Hacker-made Linux Cobalt Strike Beacon Used in Ongoing Attacks

An unofficial Cobalt Strike Beacon Linux version made by unknown threat actors from scratch has been spotted by security researchers while actively used in attacks targeting organizations worldwide.

Cobalt Strike is a legitimate penetration testing tool designed as an attack framework for red teams (groups of security professionals who act as attackers on their own org’s infrastructure to discover security gaps and vulnerabilities.)

Cobalt Strike is also used by threat actors (commonly dropped in ransomware attacks) for post-exploitation tasks after deploying so-called beacons, which provide persistent remote access to compromised devices. Using beacons, attackers can later access breached servers to harvest data or deploy further malware payloads.

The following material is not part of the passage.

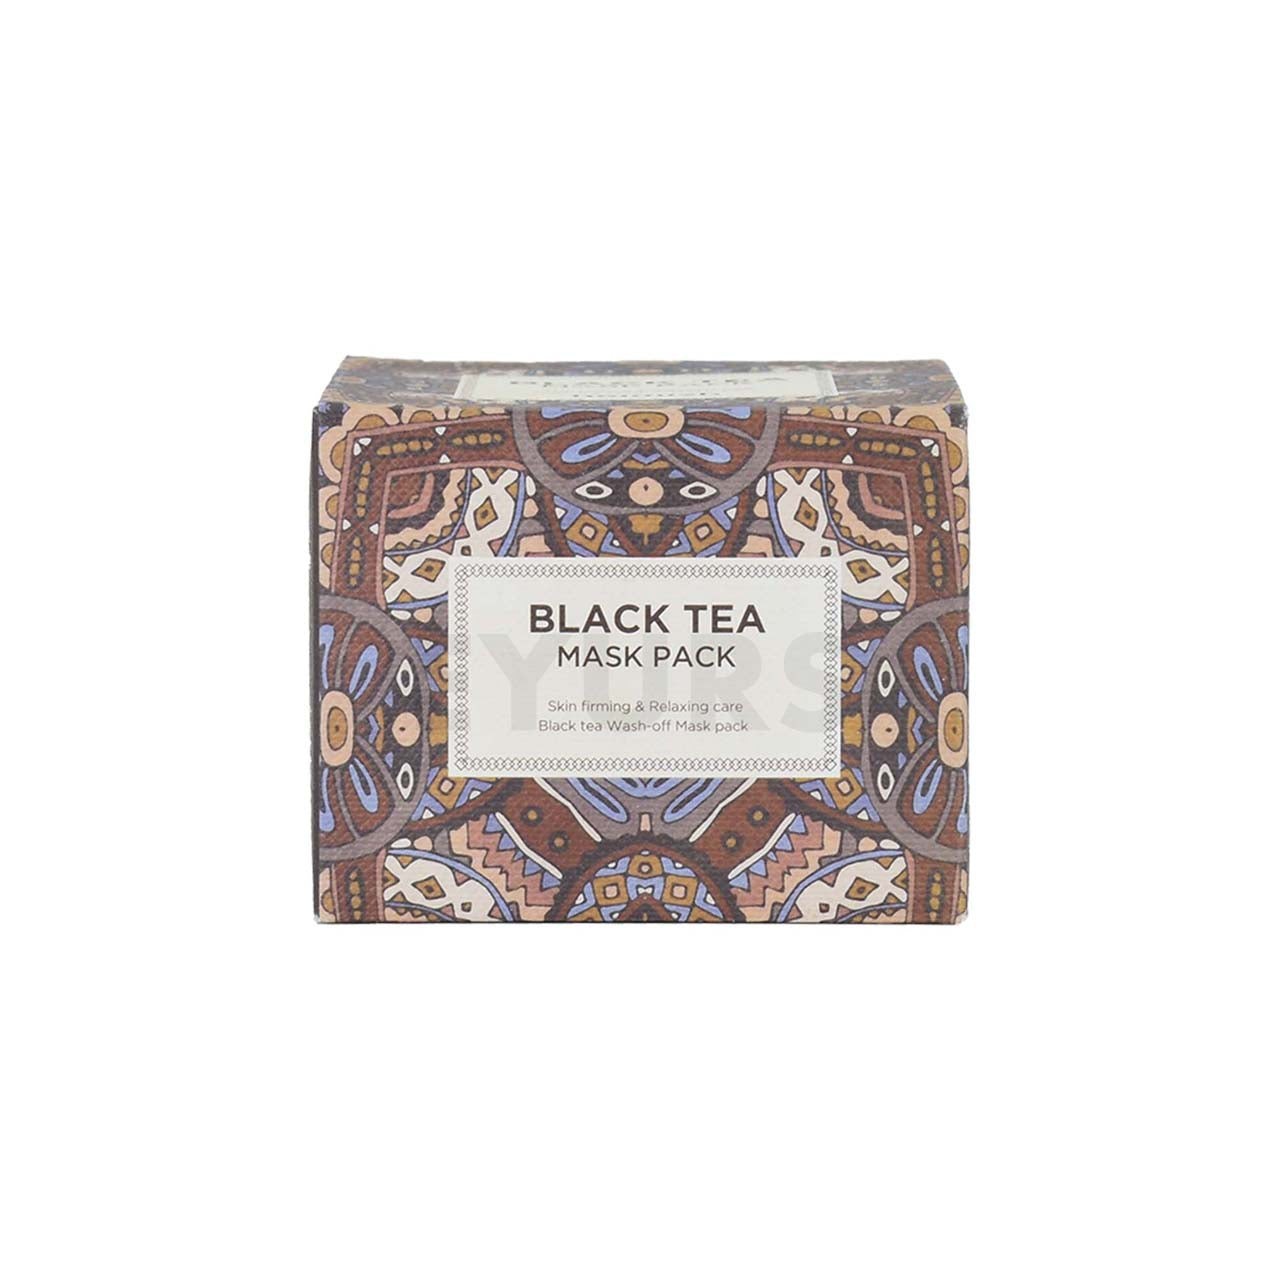 heimish black tea mask pack front side packaging

Over time, cracked copies of Cobalt Strike have been obtained and shared by threat actors, becoming one of the most common tools used in cyberattacks leading to data theft and ransomware. However, Cobalt Strike has always had a weakness — it only supports Windows devices and does not include Linux beacons.

In a new report by security firm Intezer, researchers explain how threat actors have taken it upon themselves to create their Linux beacons compatible with Cobalt Strike. Using these beacons, threat actors can now gain persistence and remote command execution on both Windows and Linux machines.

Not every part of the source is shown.